The third concern is related to the wording of the criteria. The most common concern is related to determining tolerance based on time (Billieux et al., 2015; Griffiths et al., 2016; Ko & Yen, 2014; Krossbakken et al., 2017). Chronic cases spent a large amount of time gaming and could not further prolong gaming time (Ko, 2014). Several scholars have suggested that diminished levels of gaming satisfaction because of prolonged gaming activity can represent tolerance (Griffiths et al., 2016; King & Delfabbro, 2016; Ko & Yen, 2014). A study reported that tolerance was critical in identifying individuals with GD (Rehbein, Kliem, Baier, Mößle, & Petry, 2015b), whereas another determined that it was not a valid criterion (Lee et al., 2017), depending on the interpretation of tolerance.

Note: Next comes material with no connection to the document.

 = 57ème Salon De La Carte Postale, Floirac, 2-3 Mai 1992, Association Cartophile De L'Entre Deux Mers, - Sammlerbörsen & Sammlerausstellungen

Kardefelt-Winther (2014) argued that preoccupation is not necessarily an indicator of pathology. King and Delfabbro suggested that cognitive factors related to preoccupation must be clarified (King & Delfabbro, 2014b) and Griffiths et al. (2016) suggested assessing preoccupation based on their “perception of gaming as central to their lives” or “whether they could imagine their lives without gaming,” whereas Ko and Yen (2014) evaluated preoccupation based on “distraction caused by thoughts of gaming when they must concentrate on work or other important tasks” to reflect a functional disturbance. Furthermore, Király et al. (2017) demonstrated the relatively low diagnostic accuracy of preoccupation in a survey study. Therefore, varied methods have been suggested to evaluate the concept of preoccupation, which may affect performance in diagnosing GD.

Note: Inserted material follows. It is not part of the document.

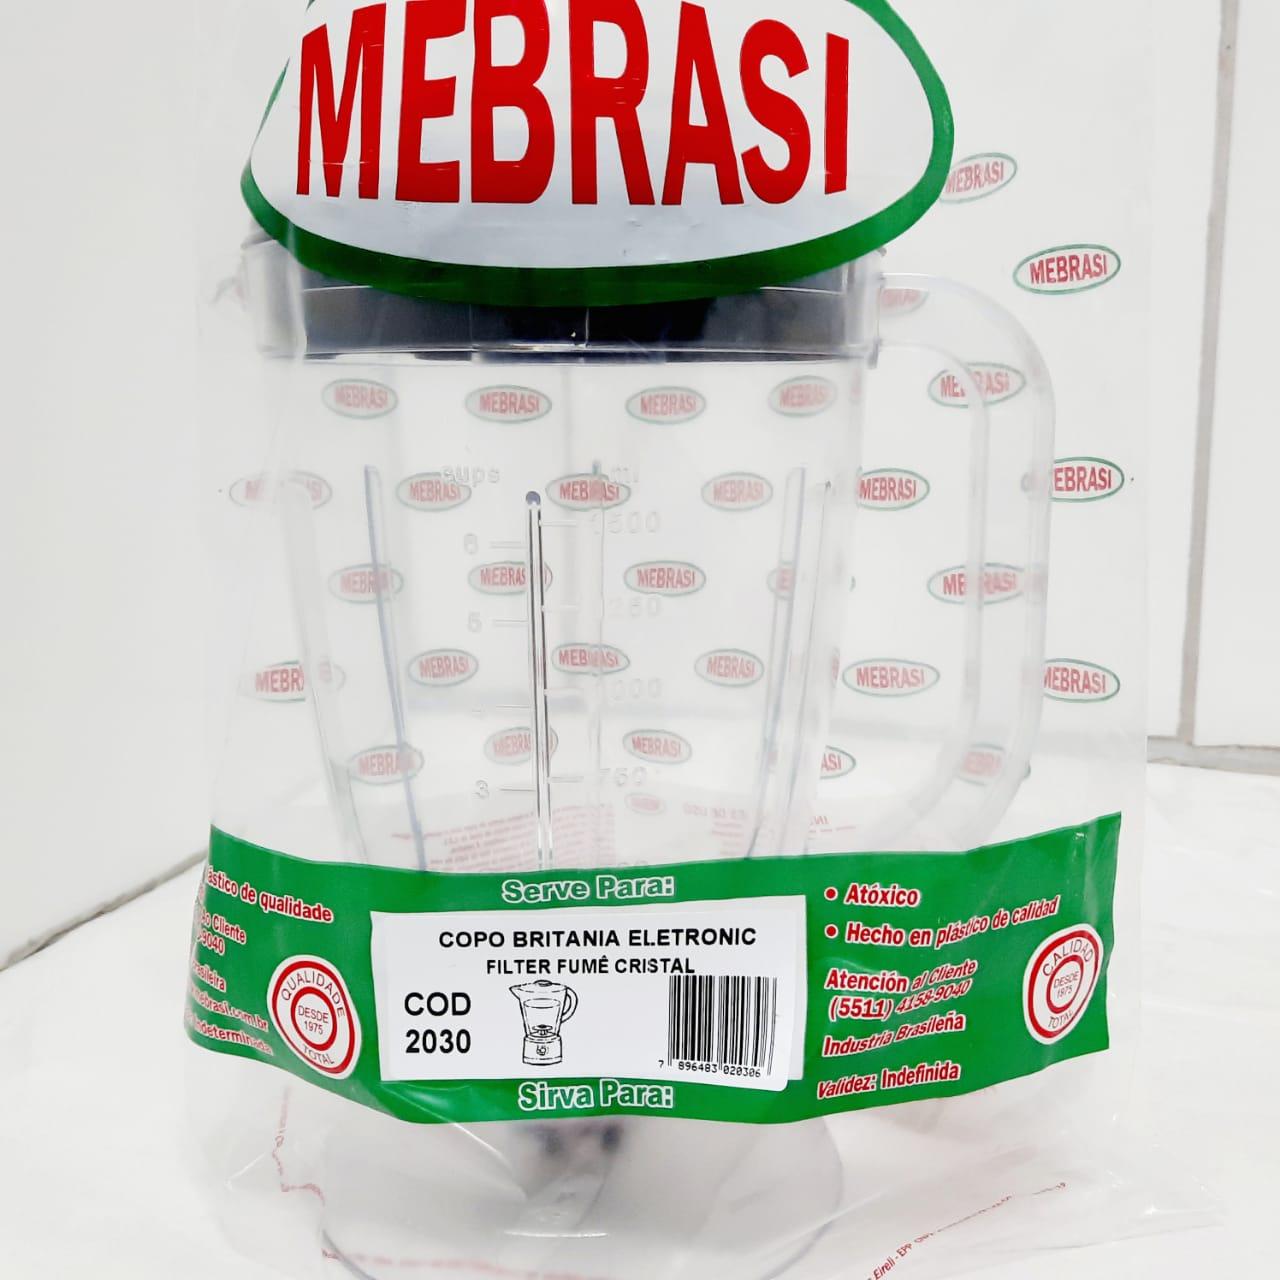 Copo Britânia Cristal FUM ELET/FILT - Mebrasi

The fourth concern related the definition of excluding criteria, to prevent inappropriate recruitment of subjects with behaviors similar to GD caused by other psychological conditions. Ko et al. (2009) proposed excluding criteria to distinguish patients that are “better accounted for by psychotic disorder, bipolar I disorder, or other impulse control disorders.” These criteria would prevent the diagnosis of GD because of over-engagement in gaming secondary to a delusion or under a manic state. The DSM-5 criteria excluded gambling behaviors and viewing of sexual Internet content (APA, 2013) because these behaviors may be more accurately accounted for by gambling disorder or sexual motivation, respectively.

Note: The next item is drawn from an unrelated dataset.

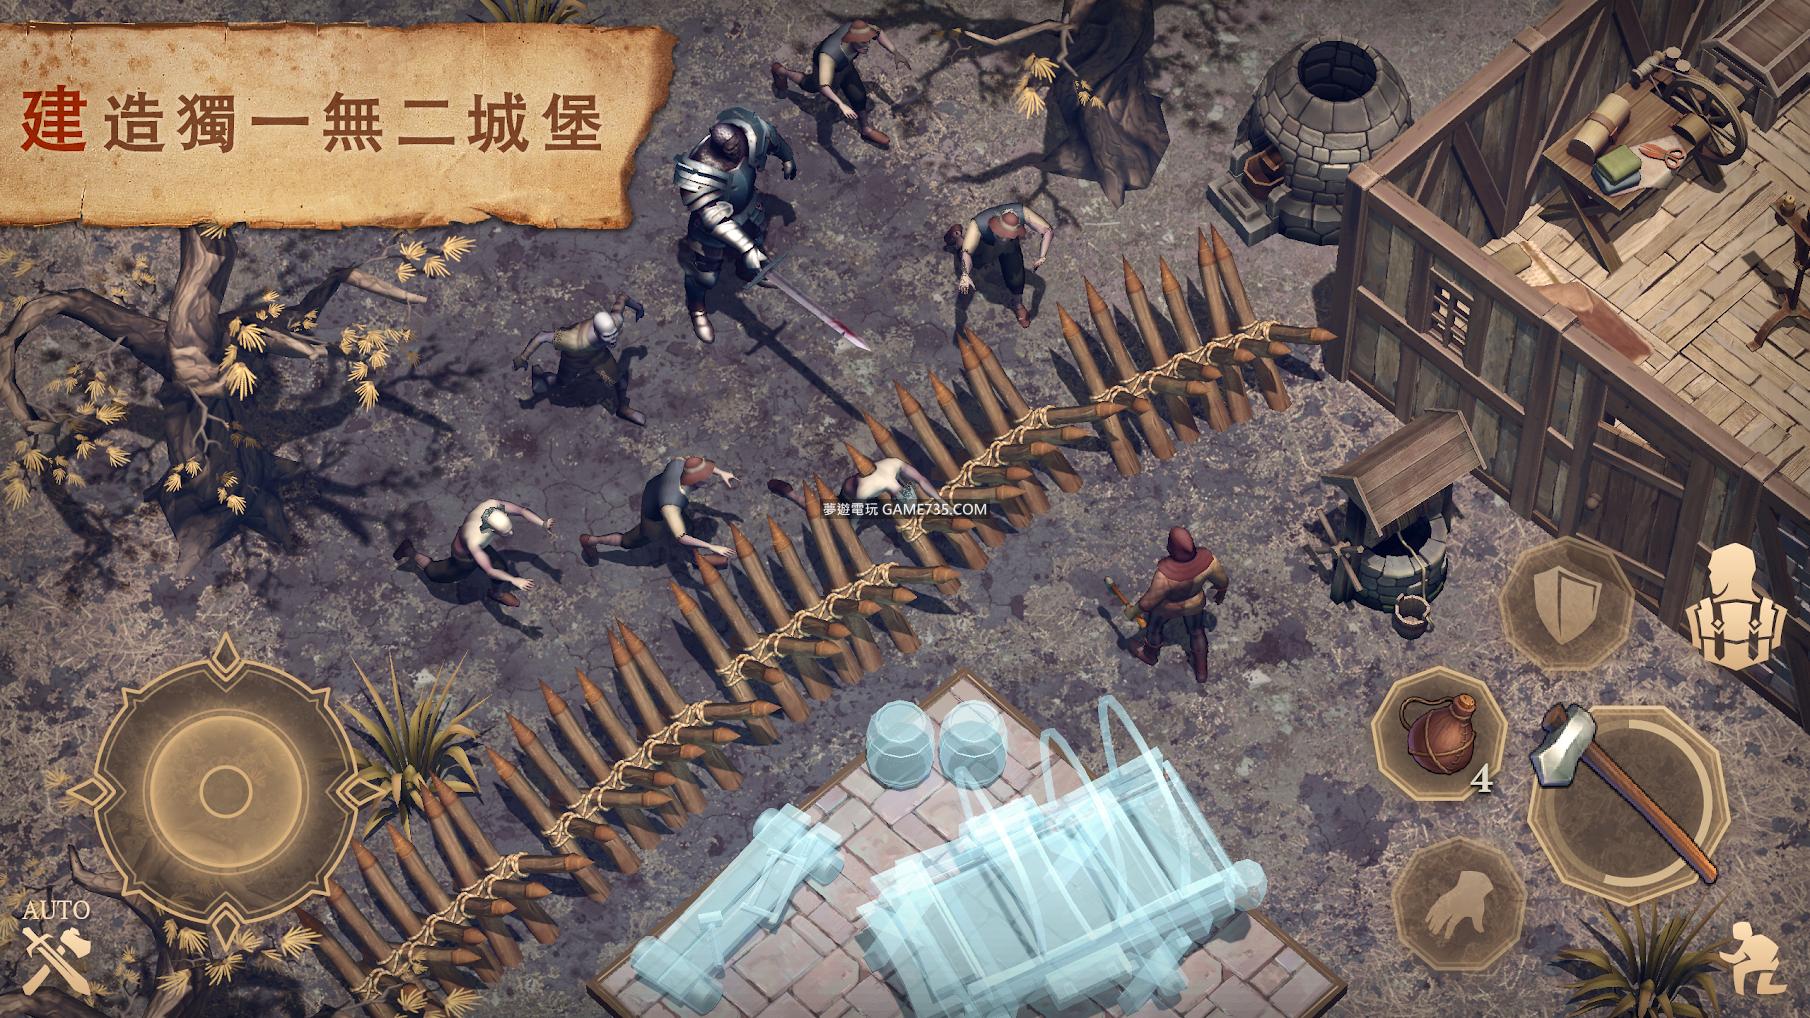 [修改版][生存+冷酷靈魂]Grim Soul: Dark Fantasy Survival V2.7.6 多種修改+中文

Kardefelt-Winther et al. (2017) suggested excluding criteria that are more accurately explained by an underlying disorder, a willful choice, or a coping strategy. These proposals remind clinicians to emphasize the reasons or factors underlying GD. However, Griffiths (2017) argued that few individuals would be diagnosed as addicts if these exclusion criteria, such as gaming as a coping strategy, were applied for substance use disorders (e.g., drinking as a coping strategy).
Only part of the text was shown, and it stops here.